● TASK INSTRUCTIONS: Beneath this line are entries. Copy the range from the line with "Daruji skříně a" to the line with "Me vs my photo album.", ends included, exactly; leave pictures out.

● DATASET CONTENT:
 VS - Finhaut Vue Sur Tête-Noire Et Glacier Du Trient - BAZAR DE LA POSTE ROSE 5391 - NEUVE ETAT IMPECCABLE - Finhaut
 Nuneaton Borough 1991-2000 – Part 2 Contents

--

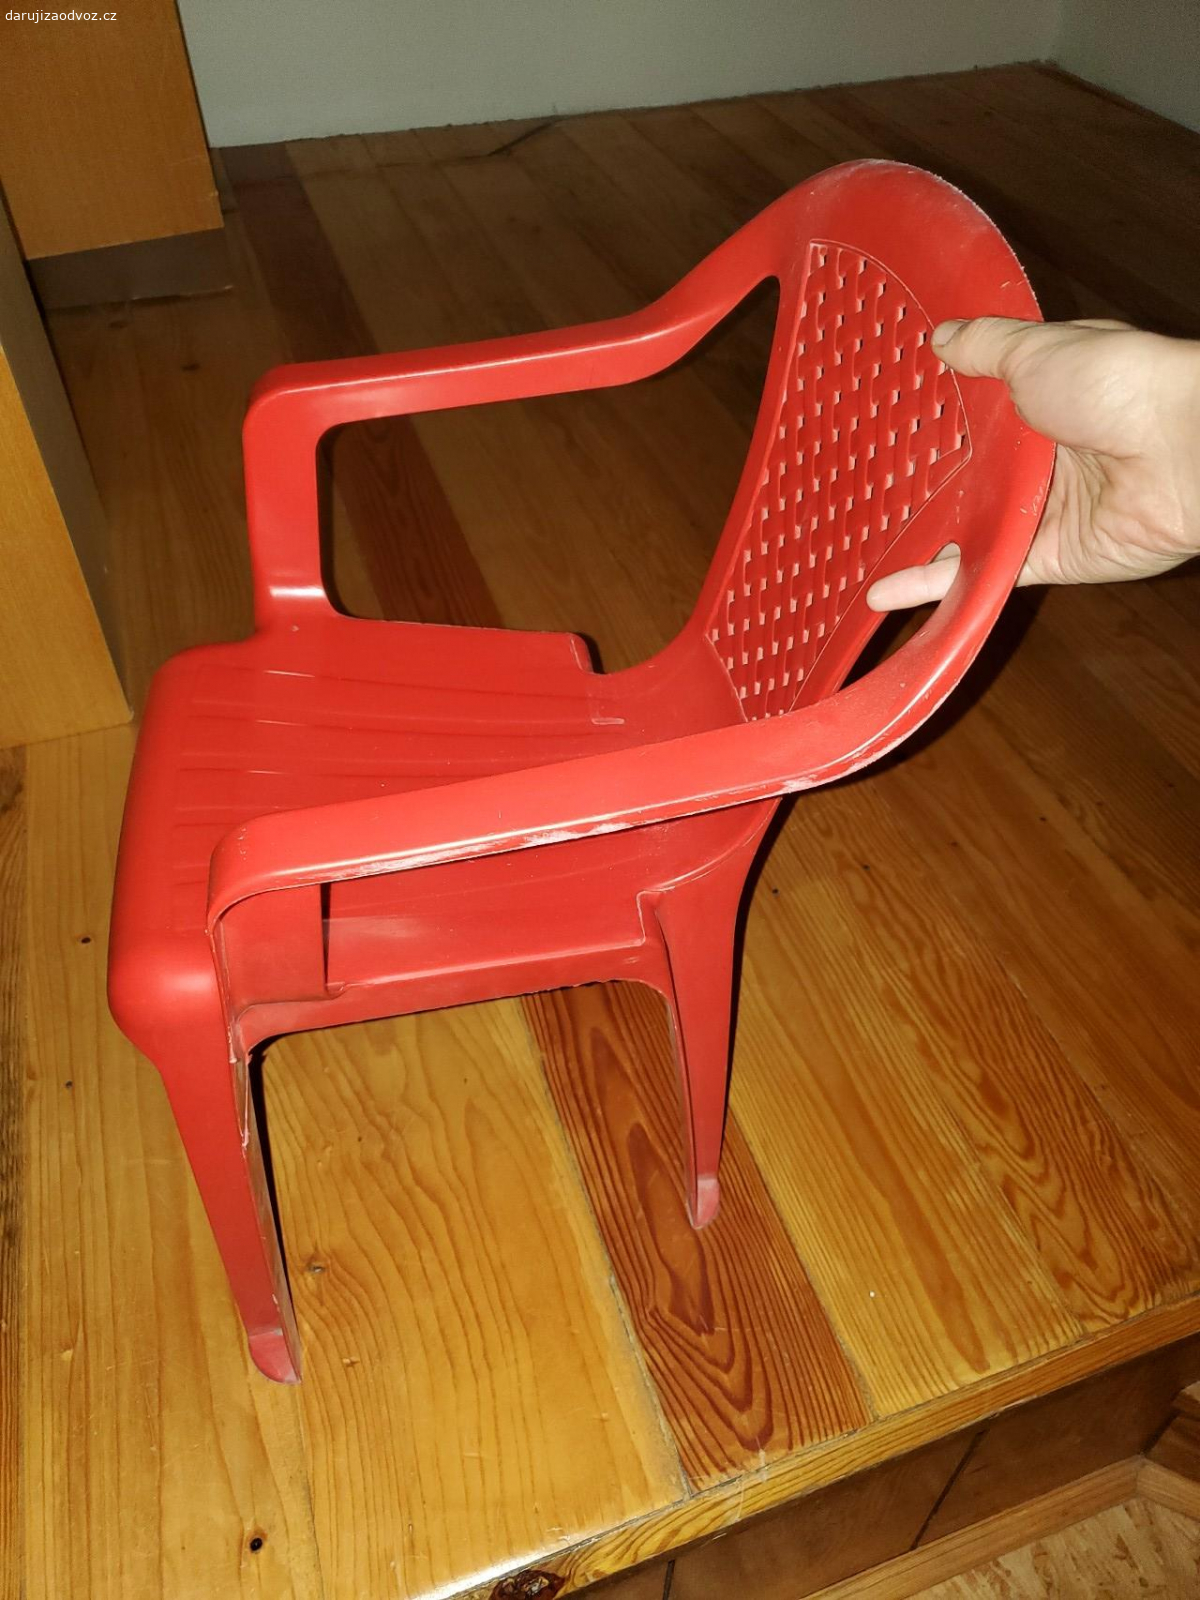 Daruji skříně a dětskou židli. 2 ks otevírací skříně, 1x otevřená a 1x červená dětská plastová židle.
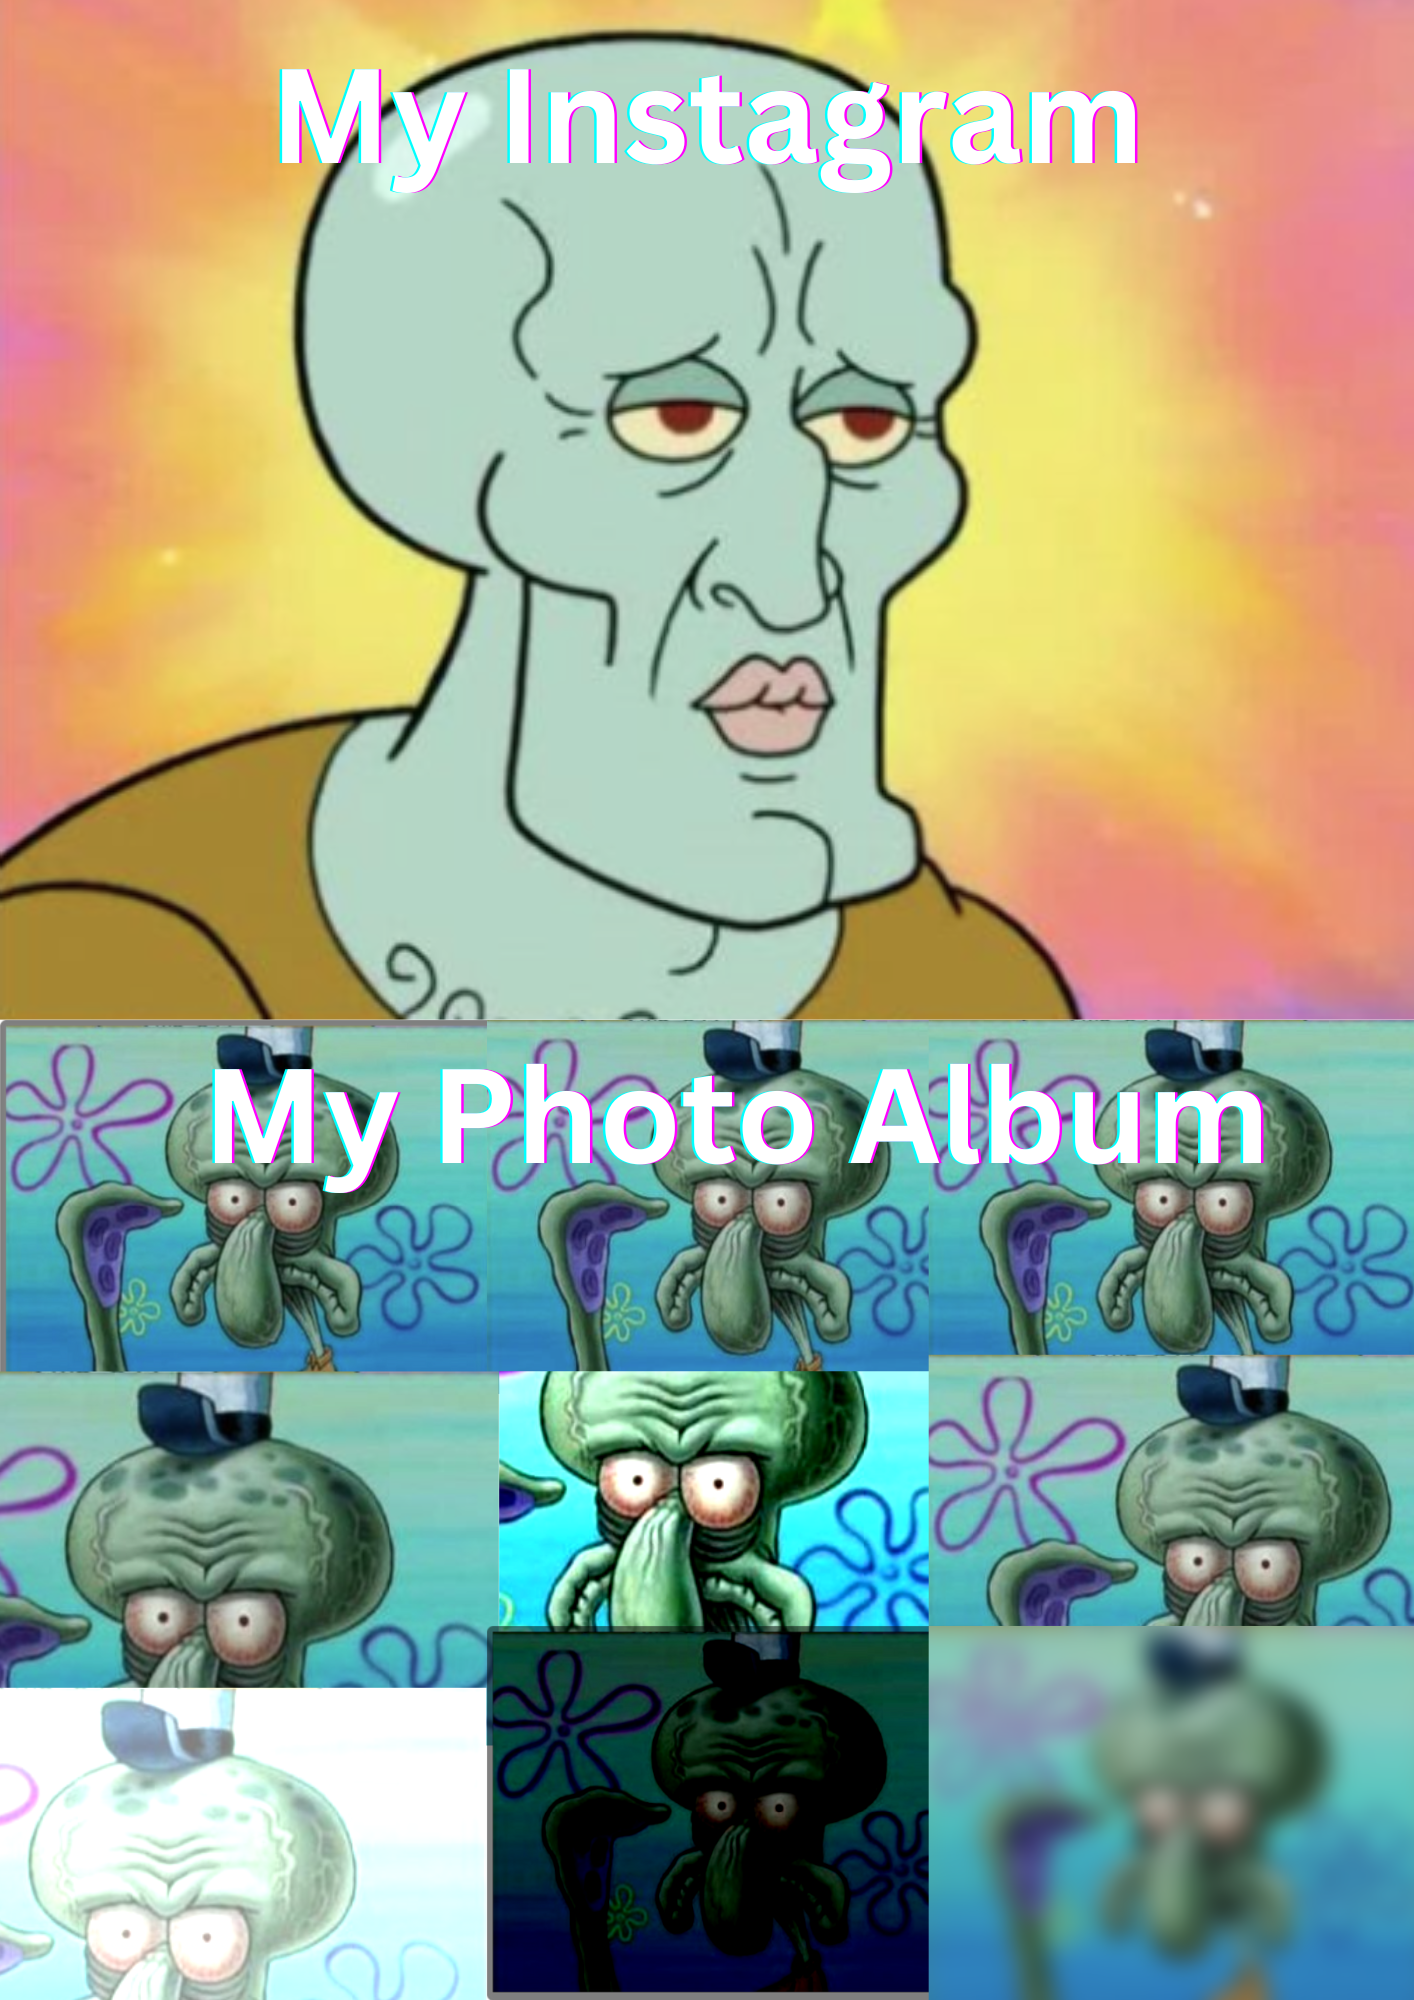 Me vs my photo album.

● WRITTEN ANSWER:
 Daruji skříně a dětskou židli. 2 ks otevírací skříně, 1x otevřená a 1x červená dětská plastová židle.
 Me vs my photo album.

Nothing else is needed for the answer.